The system is also safer than those which use gas burners to produce heated gas. The heating apparatus, i.e. the boiler, remains in a trailer which can be locked. The hot probes are submerged, and the hot liquid passes through insulated hoses.
The system does not require superheated liquid, or high pressure, so there is little chance of injury even if leaks occur.

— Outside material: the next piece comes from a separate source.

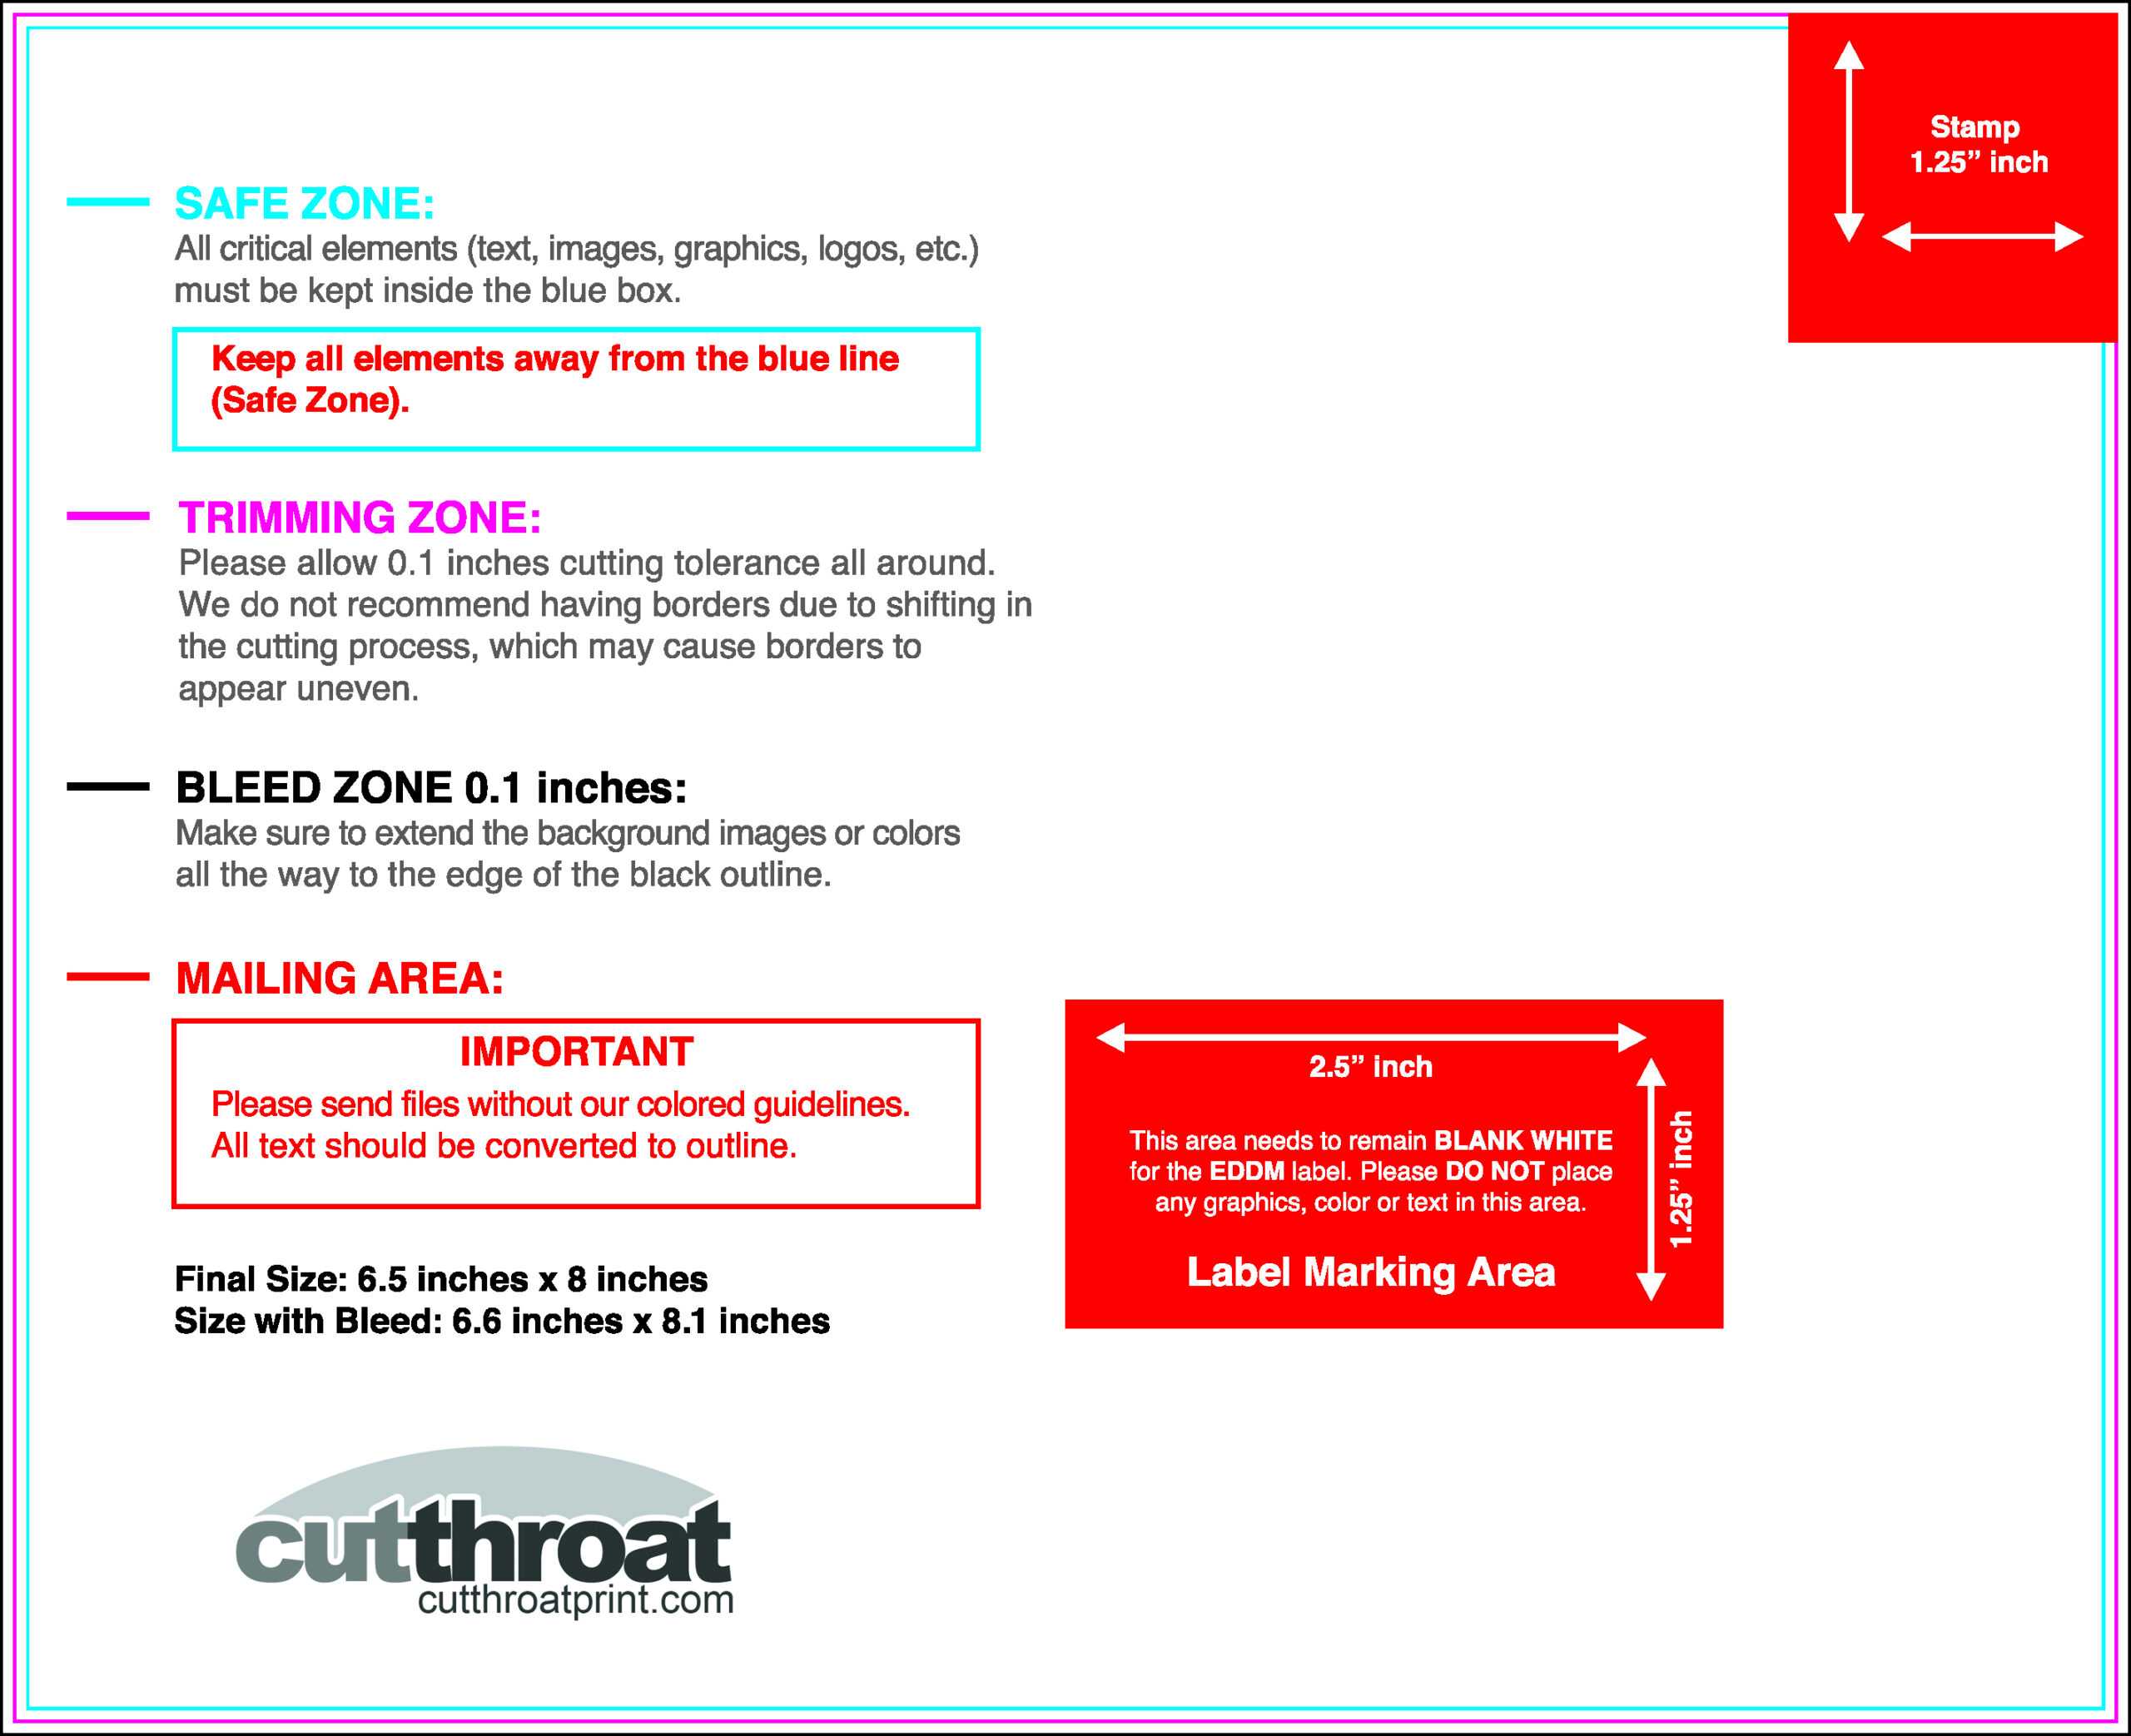 Cutthroat Printprint Your Postcards At Cutthroat Print! Pertaining To Eddm Postcard Template

To move the apparatus, the probes are simply pulled up, the tarps are wrapped up, and hoses coiled for transport.
The valued connectors on the probes prevent anti-freeze solution being lost when the hoses are detached therefrom.

Claims (5)

1. Apparatus for thawing ground, including a series of heating probes, wherein each heating probe comprises:
an outer tubular casing having a diameter of at least 2.5 inches and a length of at least 4.5 feet and having an upper end and a closed lower end, an inner pipe extending within said tubular casing and having an open lower end communicating with the tubular casing near its said closed lower end, and such that said tubular casing provides an annular space between the casing and the inner pipe for return flow of liquid having a cross-sectional area which is at least 20 times that of the interior of the inner pipe;
said tubular casing having an upper end closure provided with first and second apertures, said apertures providing the only inlets or outlets into the casing, said first aperture accommodating and being sealed around an upper end portion of said inner pipe, and said second aperture being in sealed communication with an outlet pipe element;
an inlet pipe connector for inlet hot liquid at the upper end of the inner pipe, and an outlet pipe connector at the outlet of said outlet pipe element, the arrangement being such that all the liquid supplied to the inlet pipe connector passes down the pipe and up the tubular casing before leaving the outlet pipe connector.

2. Apparatus according to claim 1, wherein the outer diameter of said tubular casing is at least 3.0 inches.

3. Apparatus according to claim 1, wherein said inlet pipe connector is joined to the inner pipe by a first elbow, and wherein said outlet pipe element includes a second elbow, both said elbows and pipe connectors attached thereto being arranged so as to be entirely within a cylindrical volume defined by an extension of the tubular casing.

4. Apparatus according to claim 1, wherein said inlet pipe connector and said outlet pipe connector are suitable for connection of hoses thereto, and said connectors include valves which close automatically when said hoses are disconnected therefrom.

5. Apparatus according to claim 1, wherein the upper end of the tubular casing is provided with a lifting loop.